WHAT TO DO:
Skip the images and repeat every entry word for word.

Source records:

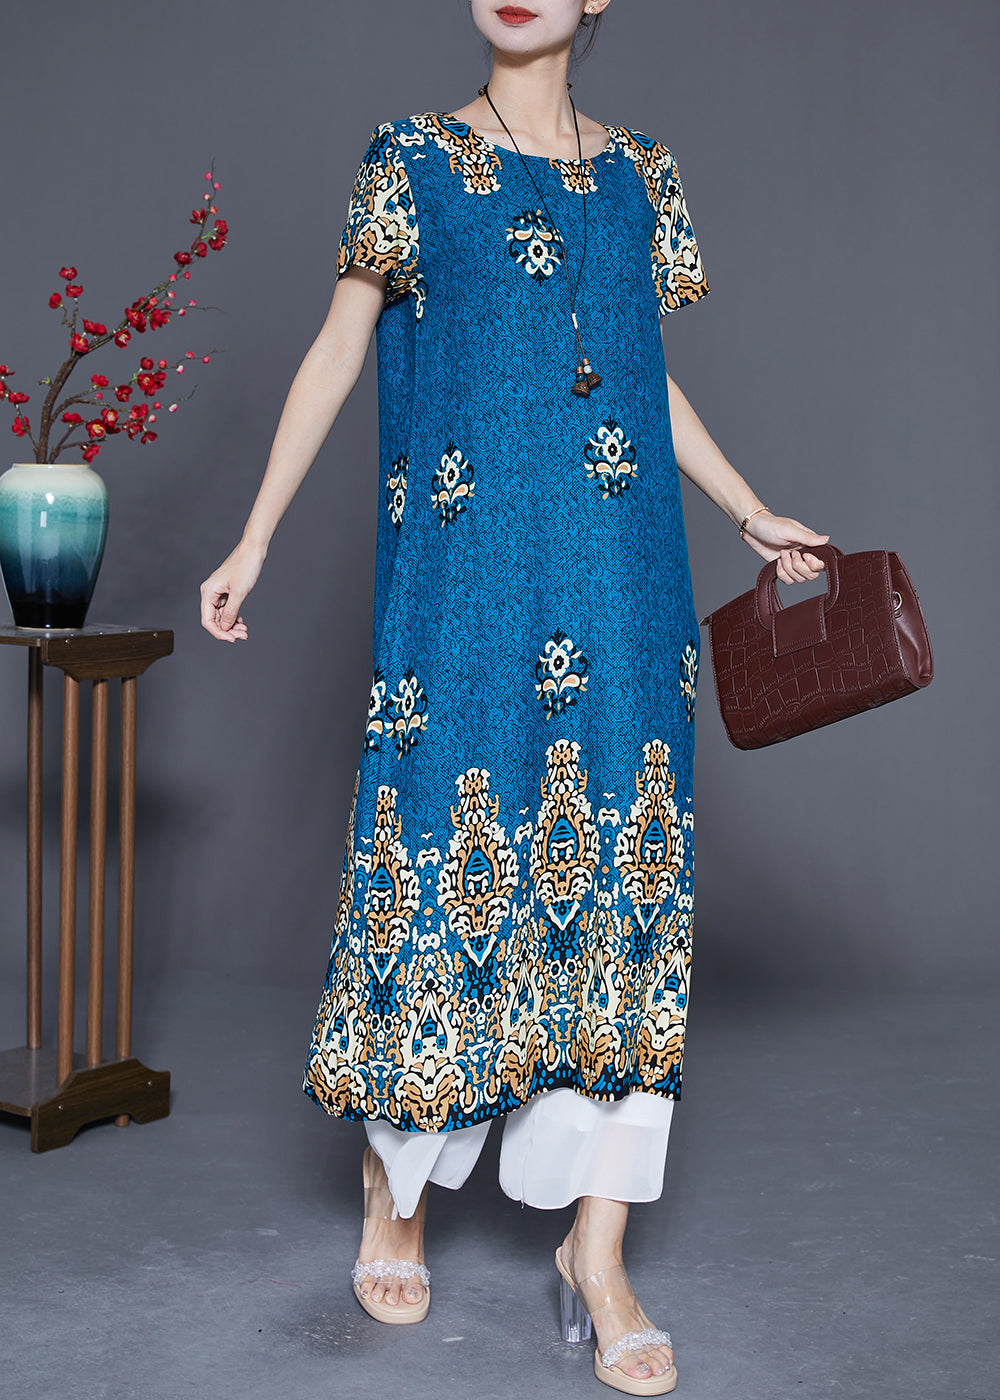 Peacock Blue Print Cotton Party Dress Oversized Summer
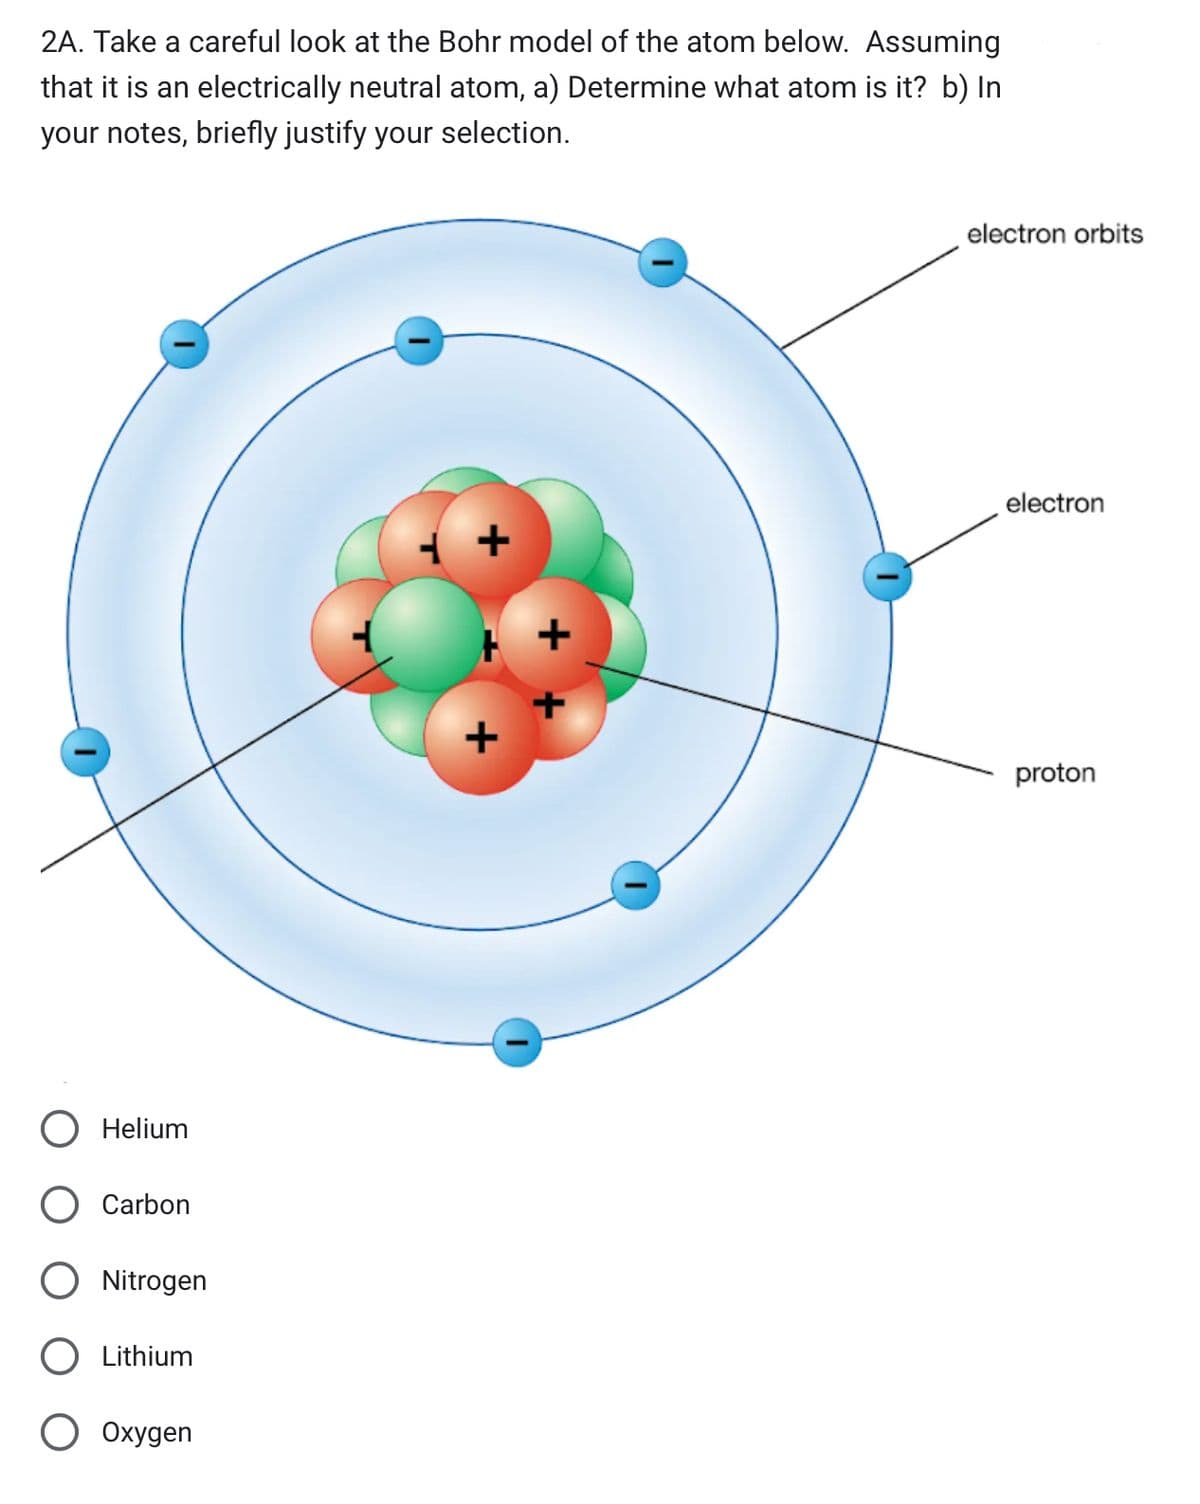 2A. Take a careful look at the Bohr model of the atom below. Assuming
that it is an electrically neutral atom, a) Determine what atom is it? b) In
your notes, briefly justify your selection.
Helium
Carbon
Nitrogen
Lithium
Oxygen
+
+
electron orbits
electron
proton
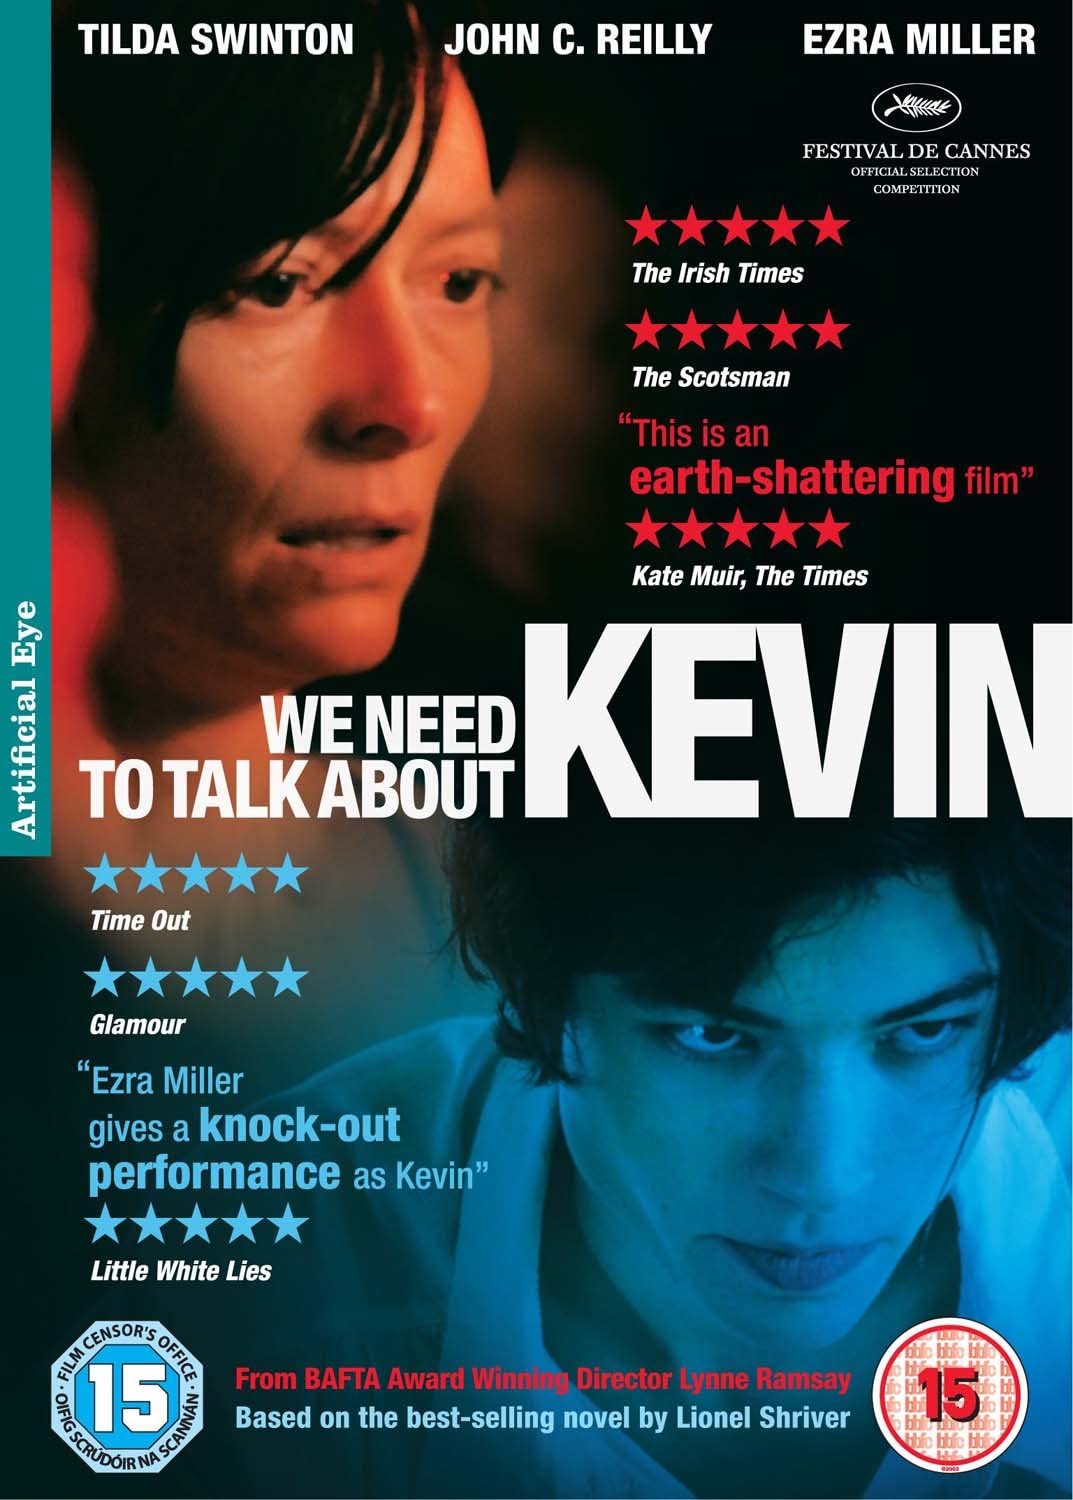 We Need to Talk About Kevin (2011) - Drama/Thriller [DVD]
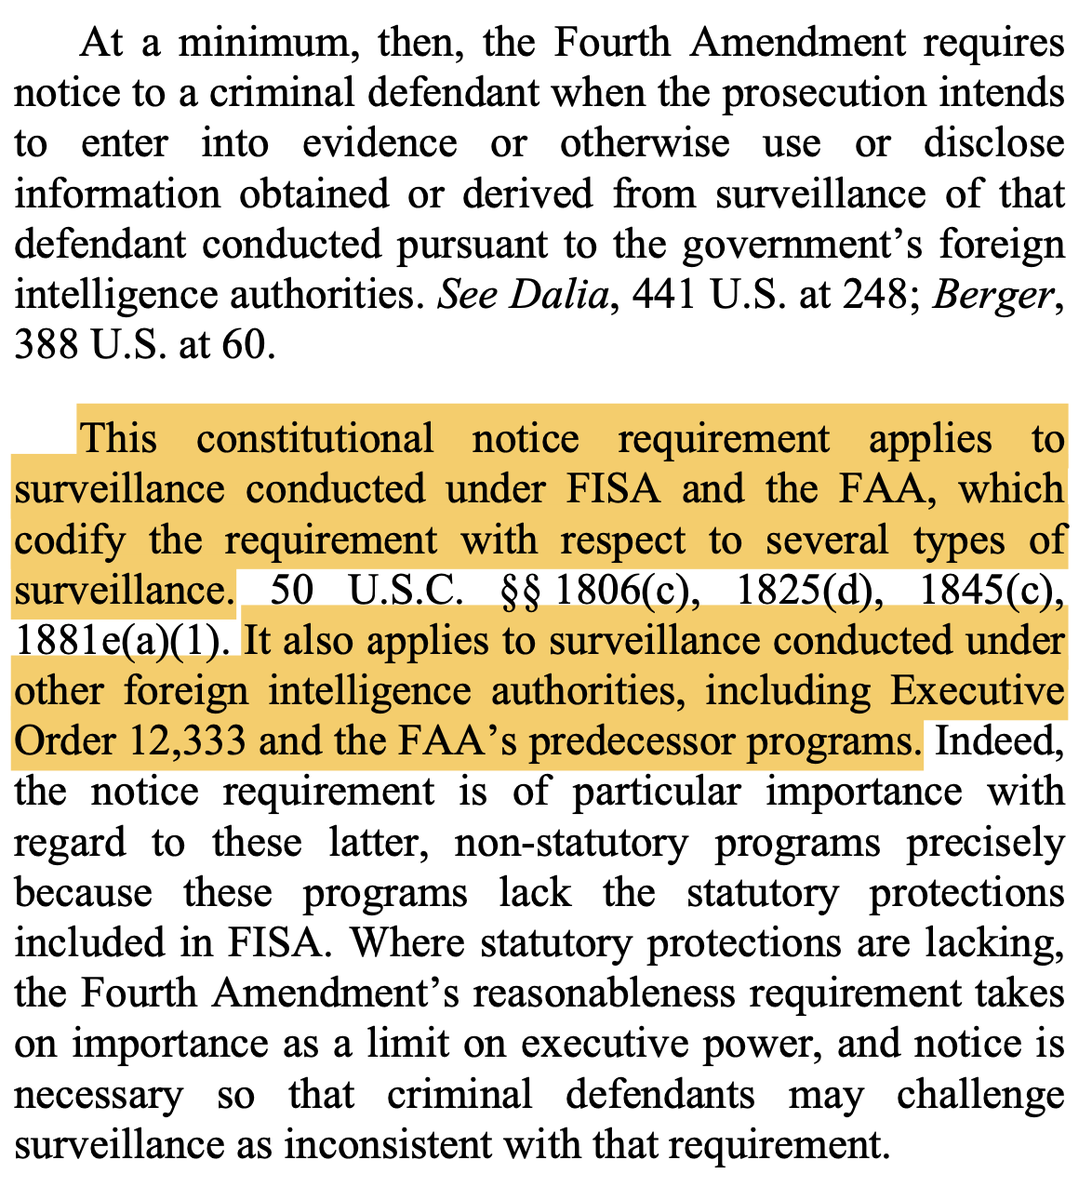 Fourth, the court held that the government must provide notice to criminal defendants prosecuted with evidence obtained or derived from NSA surveillance.
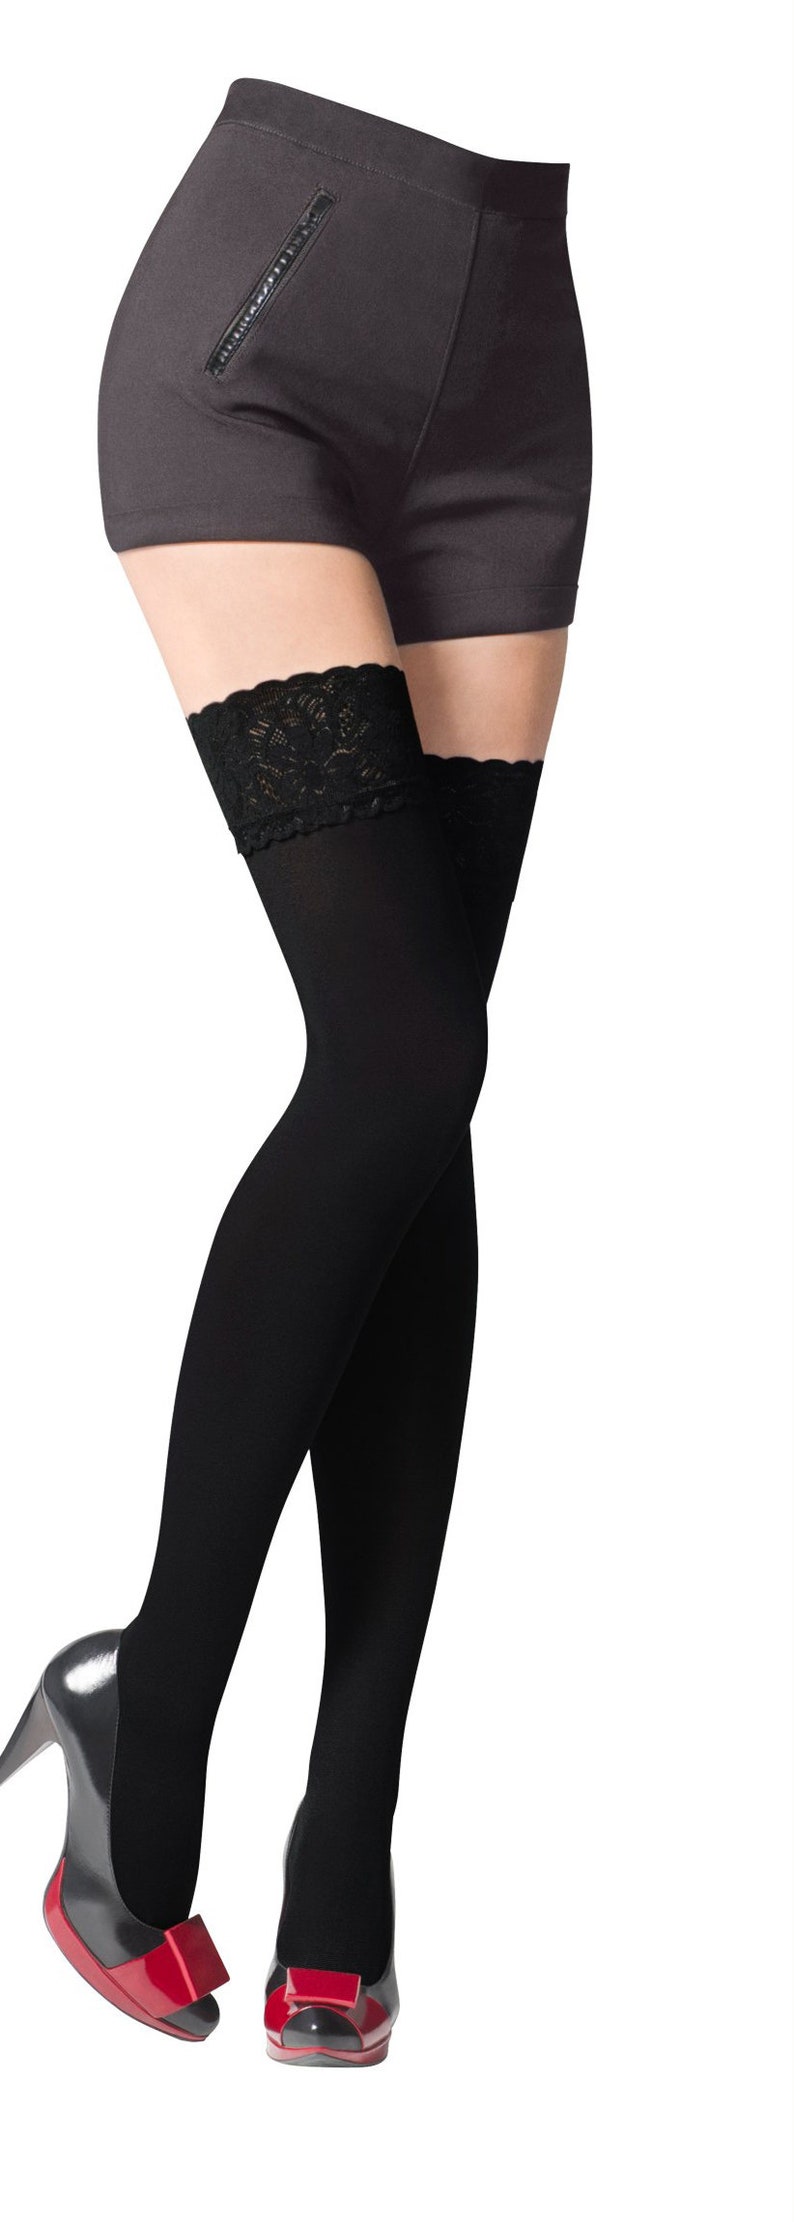 NEW Lace Top 80 Denier Sheer Hold-Ups Stockings by Sentelegri ,9 Various Colours Sizes S-XL Black

EXPECTED ANSWER:
 Peacock Blue Print Cotton Party Dress Oversized Summer
 2A. Take a careful look at the Bohr model of the atom below. Assuming
that it is an electrically neutral atom, a) Determine what atom is it? b) In
your notes, briefly justify your selection.
Helium
Carbon
Nitrogen
Lithium
Oxygen
+
+
electron orbits
electron
proton
 We Need to Talk About Kevin (2011) - Drama/Thriller [DVD]
 Fourth, the court held that the government must provide notice to criminal defendants prosecuted with evidence obtained or derived from NSA surveillance.
 NEW Lace Top 80 Denier Sheer Hold-Ups Stockings by Sentelegri ,9 Various Colours Sizes S-XL Black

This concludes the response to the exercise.